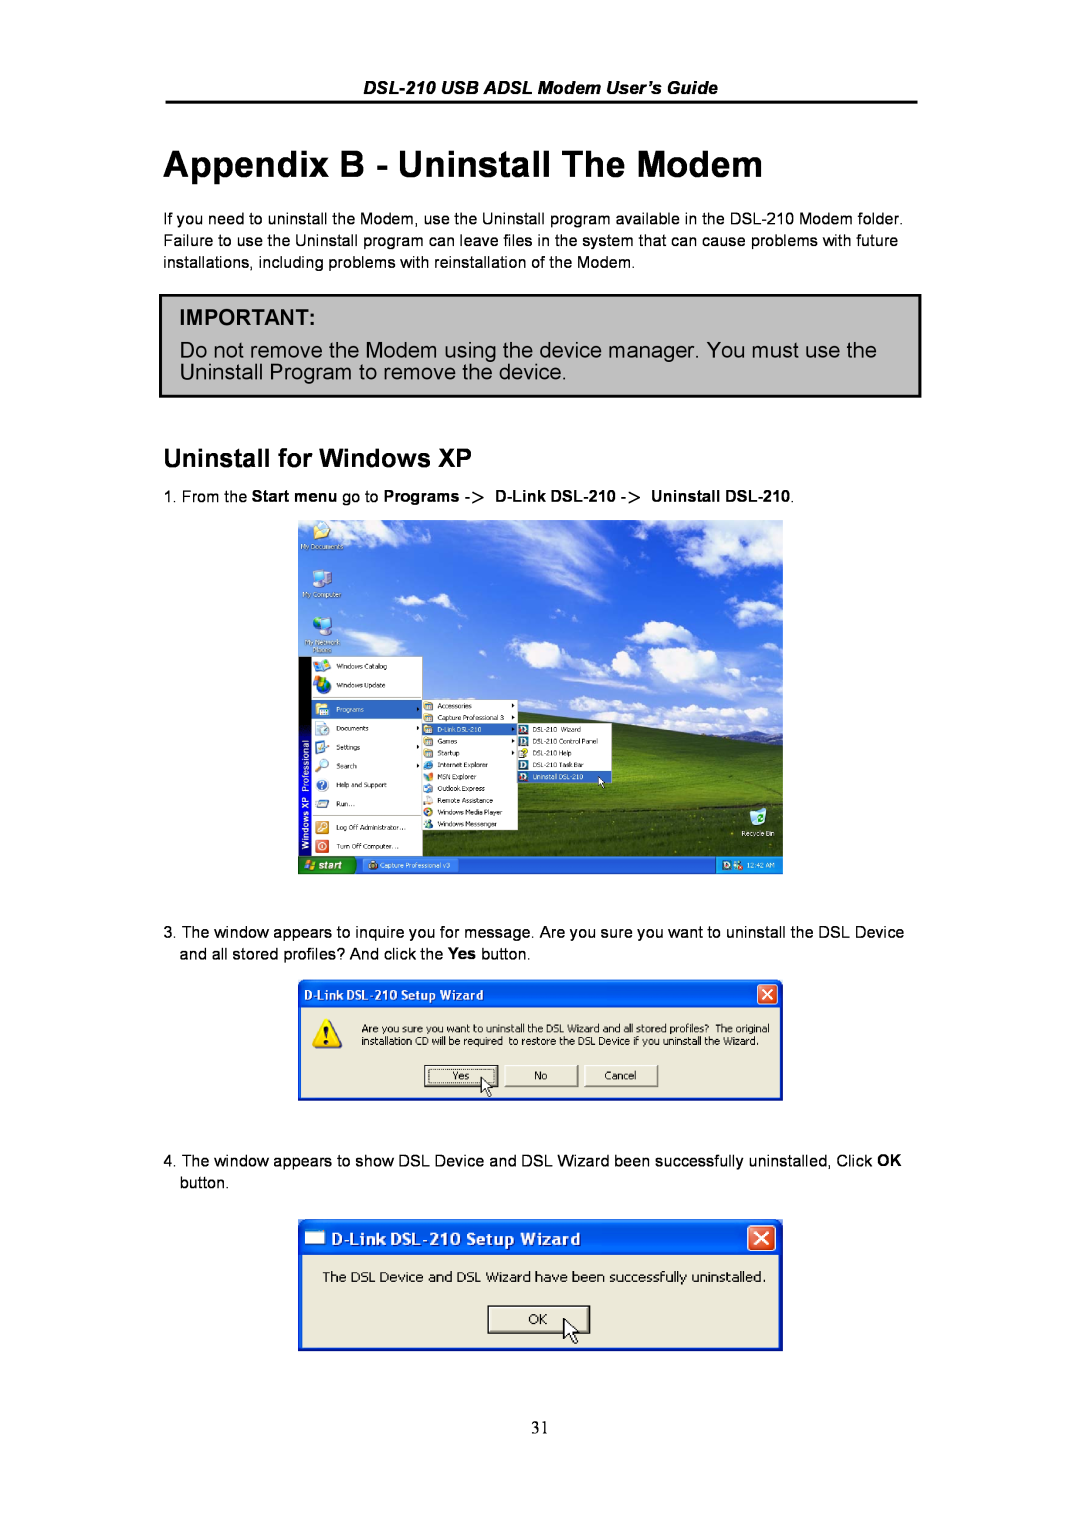 D-Link manual Appendix B - Uninstall The Modem, Uninstall for Windows XP, DSL-210 USB ADSL Modem User’s Guide 
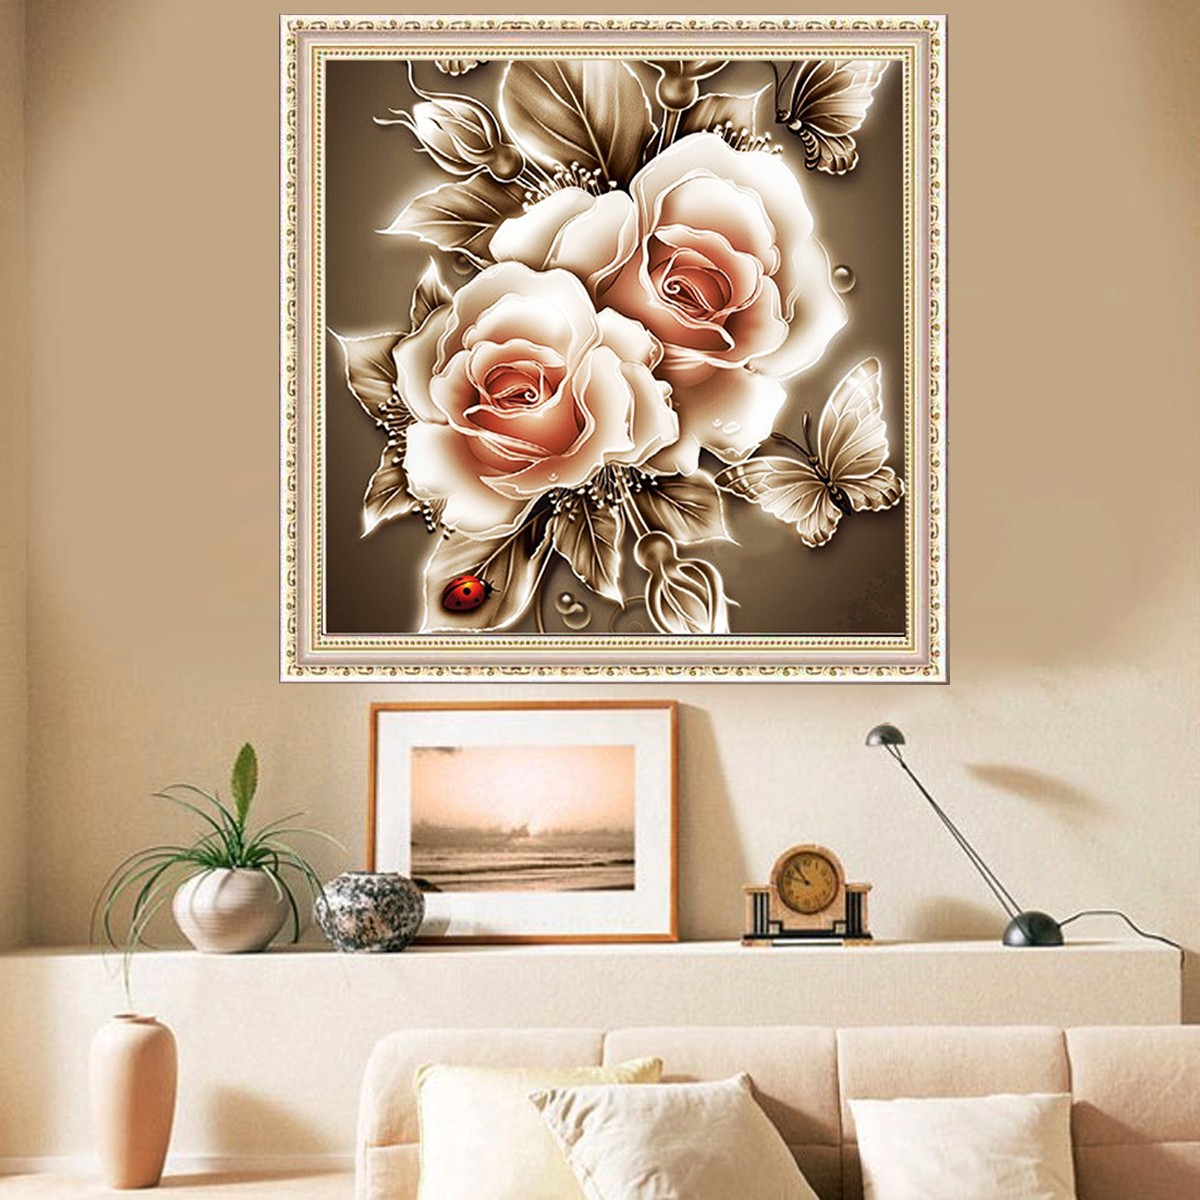 DIY-5D-Diamond-Painting-Kit-Retro-Flower-Handmade-Craft-Cross-Stitch-Embroidery-Home-Office-Wall-Dec-1350574-4
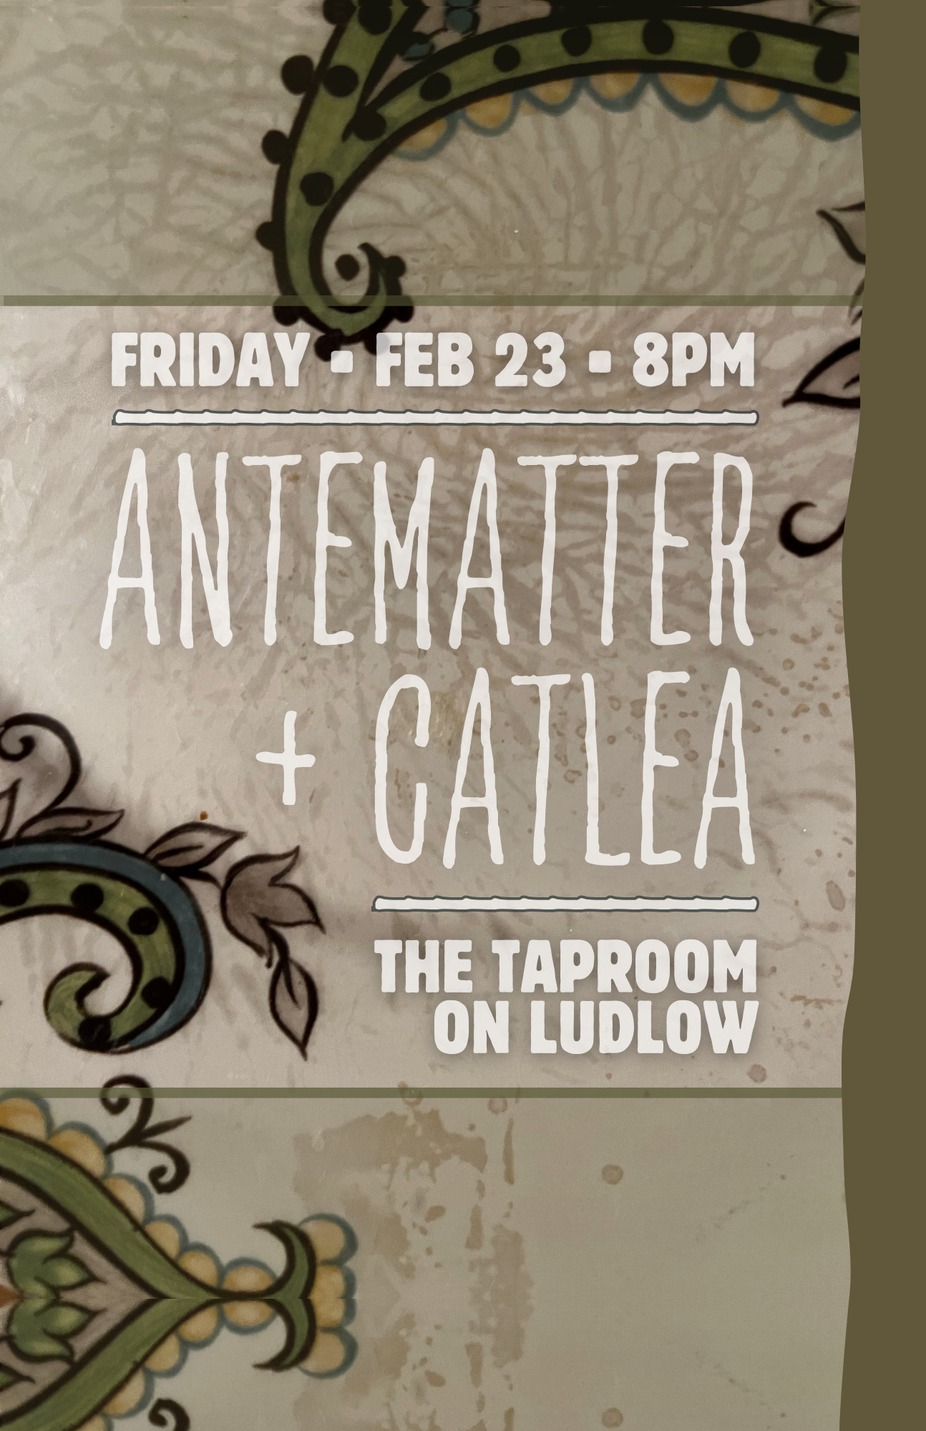 Antematter + Catlea event photo
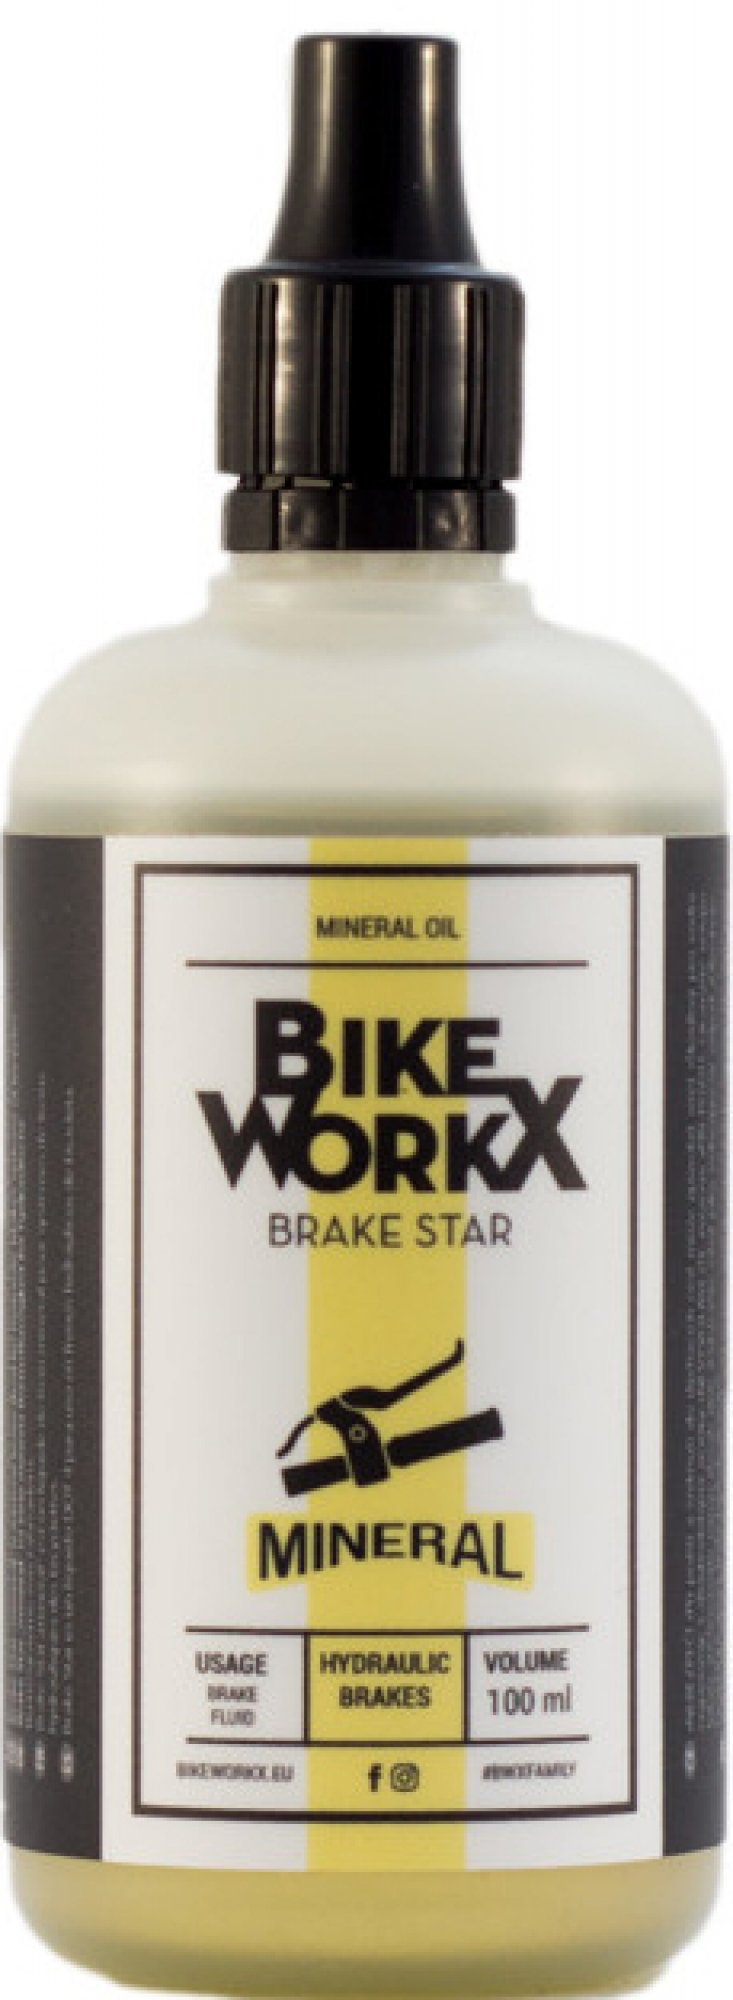 BikeWorkx Brake Star mineral 100 ml

+ + + + + + +

## What is required
The full listing, reproduced exactly and without pictures, is the expected output.

## Your solution
 D-Link manual Appendix B - Uninstall The Modem, Uninstall for Windows XP, DSL-210 USB ADSL Modem User’s Guide 
 DIY-5D-Diamond-Painting-Kit-Retro-Flower-Handmade-Craft-Cross-Stitch-Embroidery-Home-Office-Wall-Dec-1350574-4
 Antematter + Catlea event photo
 BikeWorkx Brake Star mineral 100 ml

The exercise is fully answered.